## can yall help me out Devon wanted to know if x−3 is a factor of f(x)=x^3+x^2−10x+8. She applied the Factor Theorem and concluded

can yall help me out

Devon wanted to know if x−3 is a factor of f(x)=x^3+x^2−10x+8. She applied the Factor Theorem and concluded that x−3 is not a factor of f(x), as shown in the following work.

f(−3)=(−3)^3+(−3)^2−10(−3)+8=20

f(−3)=20, so the remainder is 20.

The remainder is 20, so x−3 is not a factor of f(x).

Did Devon make a mistake? If so, what was her mistake?

A.Yes, x−3 is a factor of f(x).

B.Yes, Devon evaluated f(−3) incorrectly.

C.No, Devon did not may any mistakes.

D.Yes, Devon should have evaluated f(3).

E,Yes, f(−3)=20 does not mean the remainder is 20.

## Answers ( )

Answer:Option D, Yes, Devon should have evaluated f(3)

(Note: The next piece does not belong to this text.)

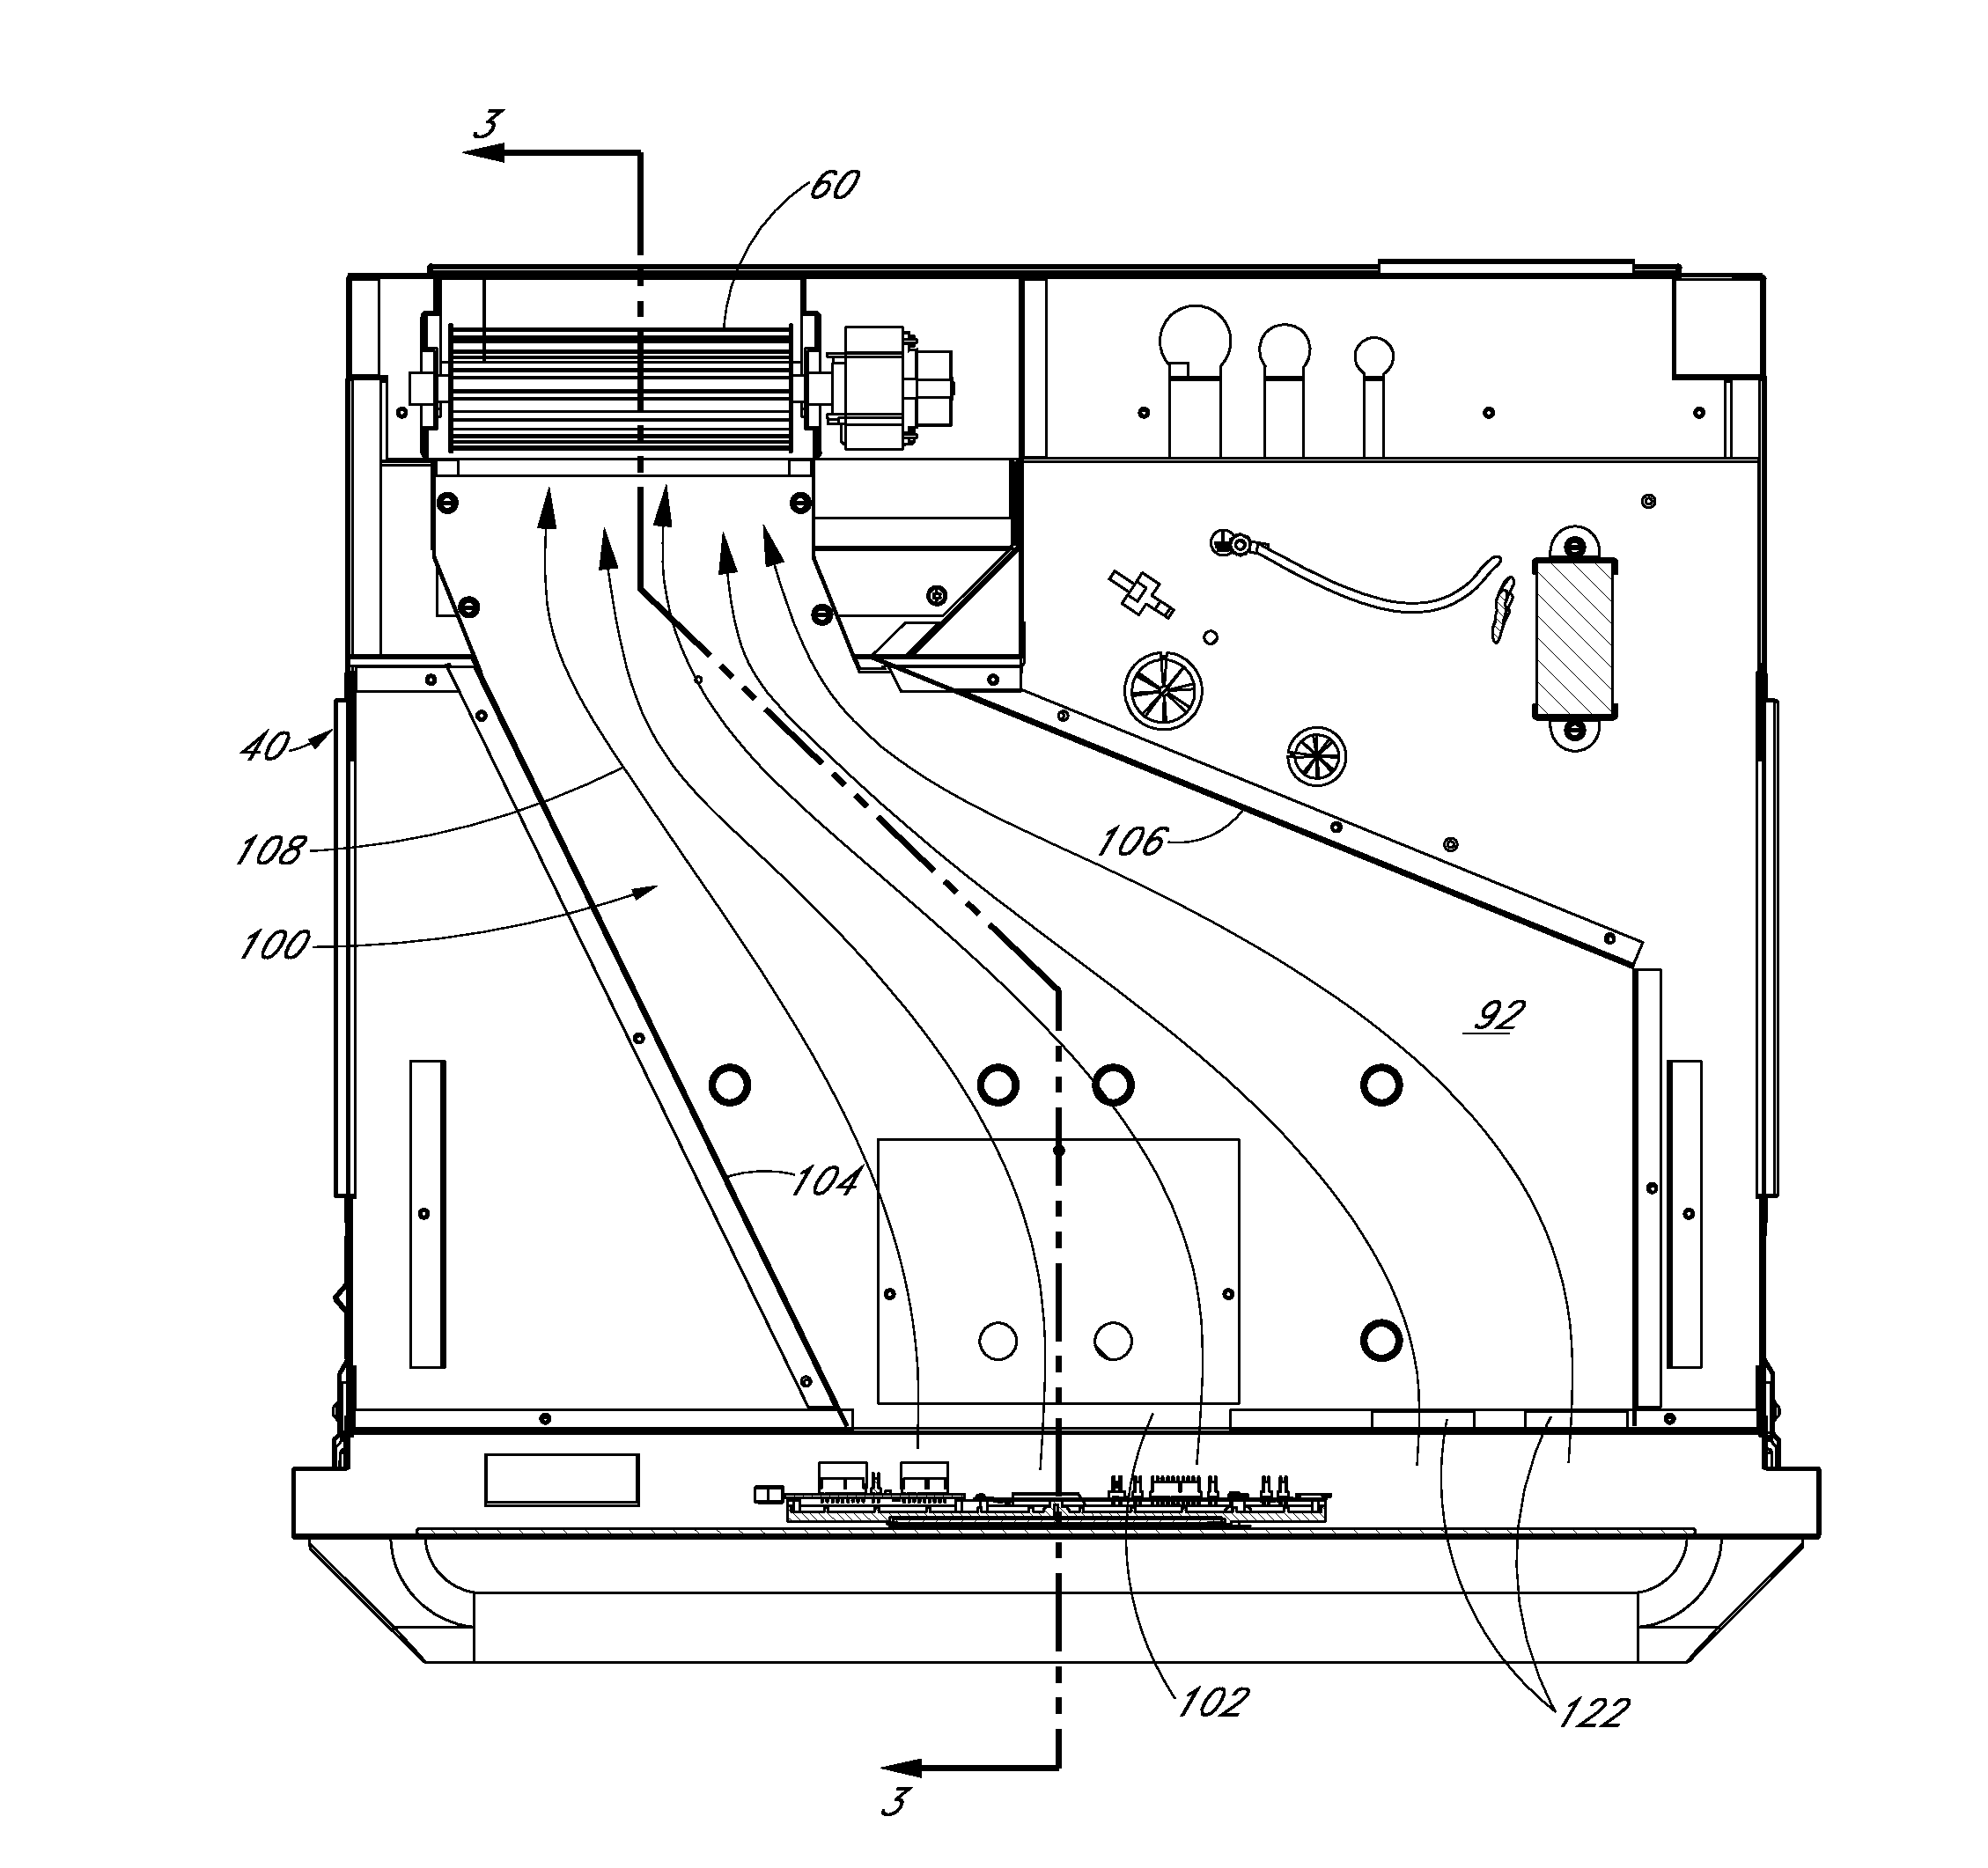 Oven with control panel cooling system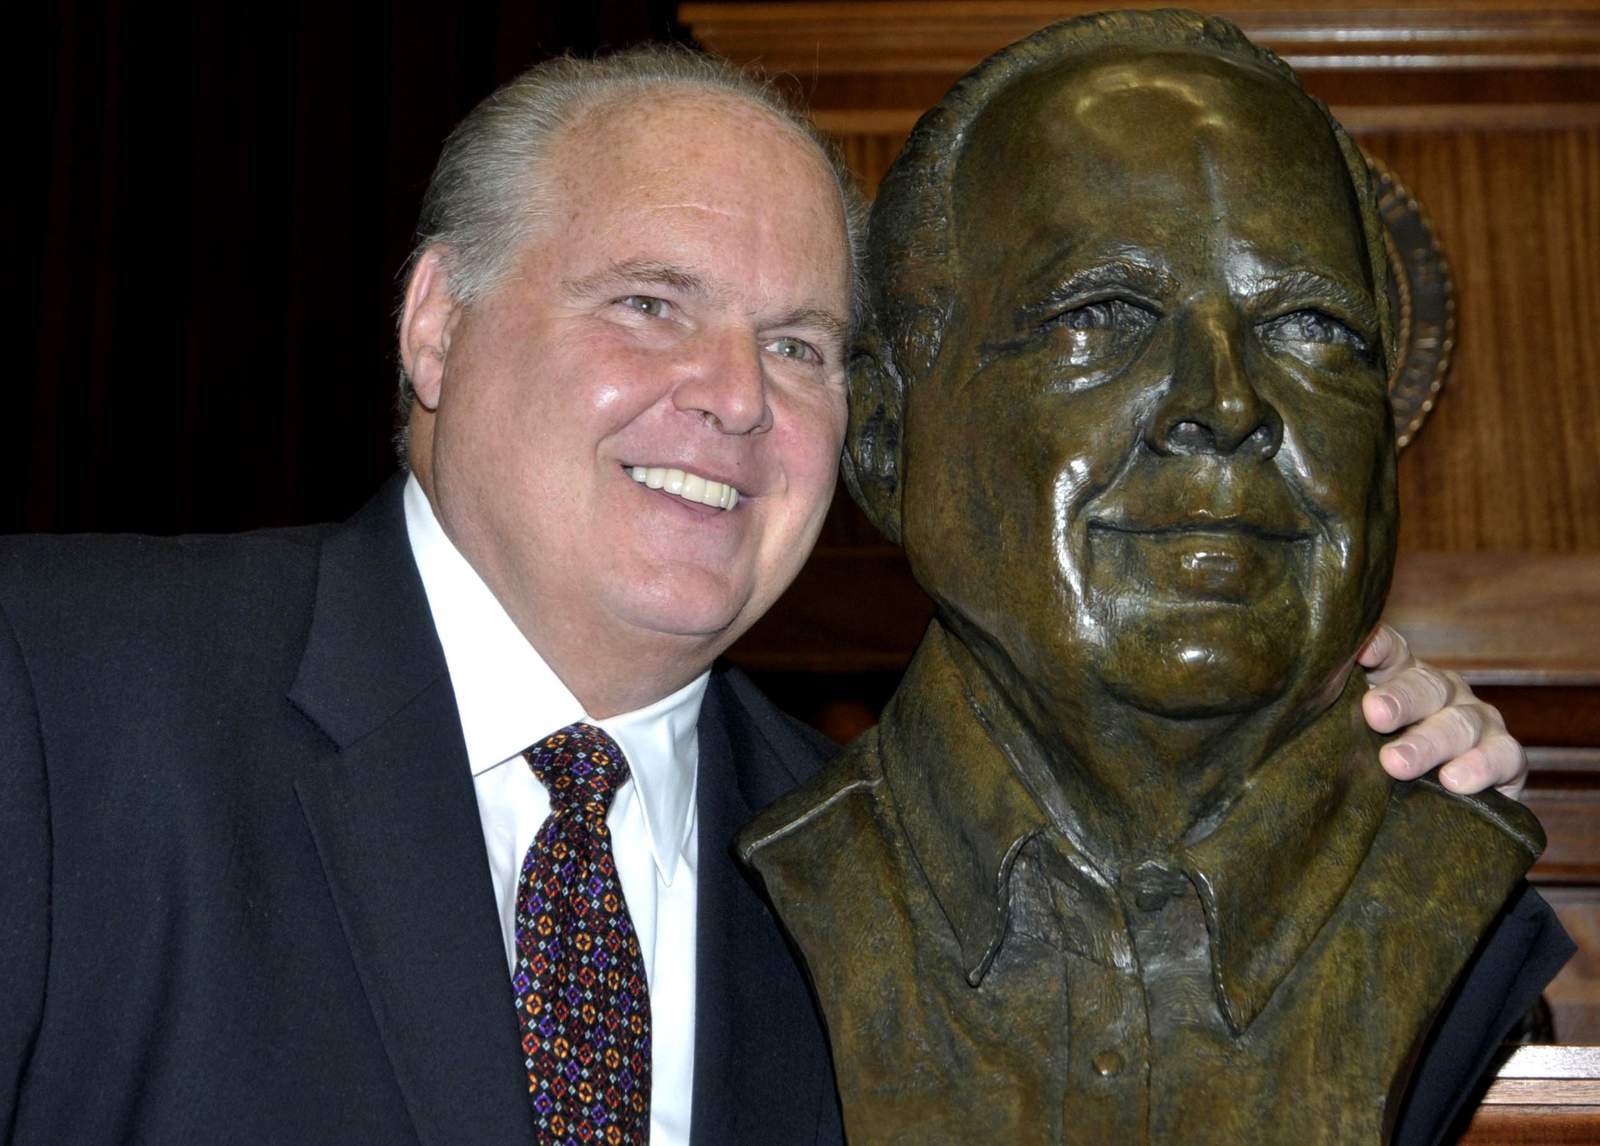 Rush Limbaugh says he's been diagnosed with lung cancer

Step-by-step explanation:f(x) = x^3 + x^2 − 10x + 8

Step 1: Evaluate using F(3) NOT f(-3)f(3) = 3^3 + 3^2 – 10(3) + 8

f(3) = 27 + 9 – 30 + 8

f(3) = 14

Since the factor is (x – 3) the x value is x – 3 + 3 = 0 + 3 -> x = 3 not x = -3

Answer:

Option D, Yes, Devon should have evaluated f(3)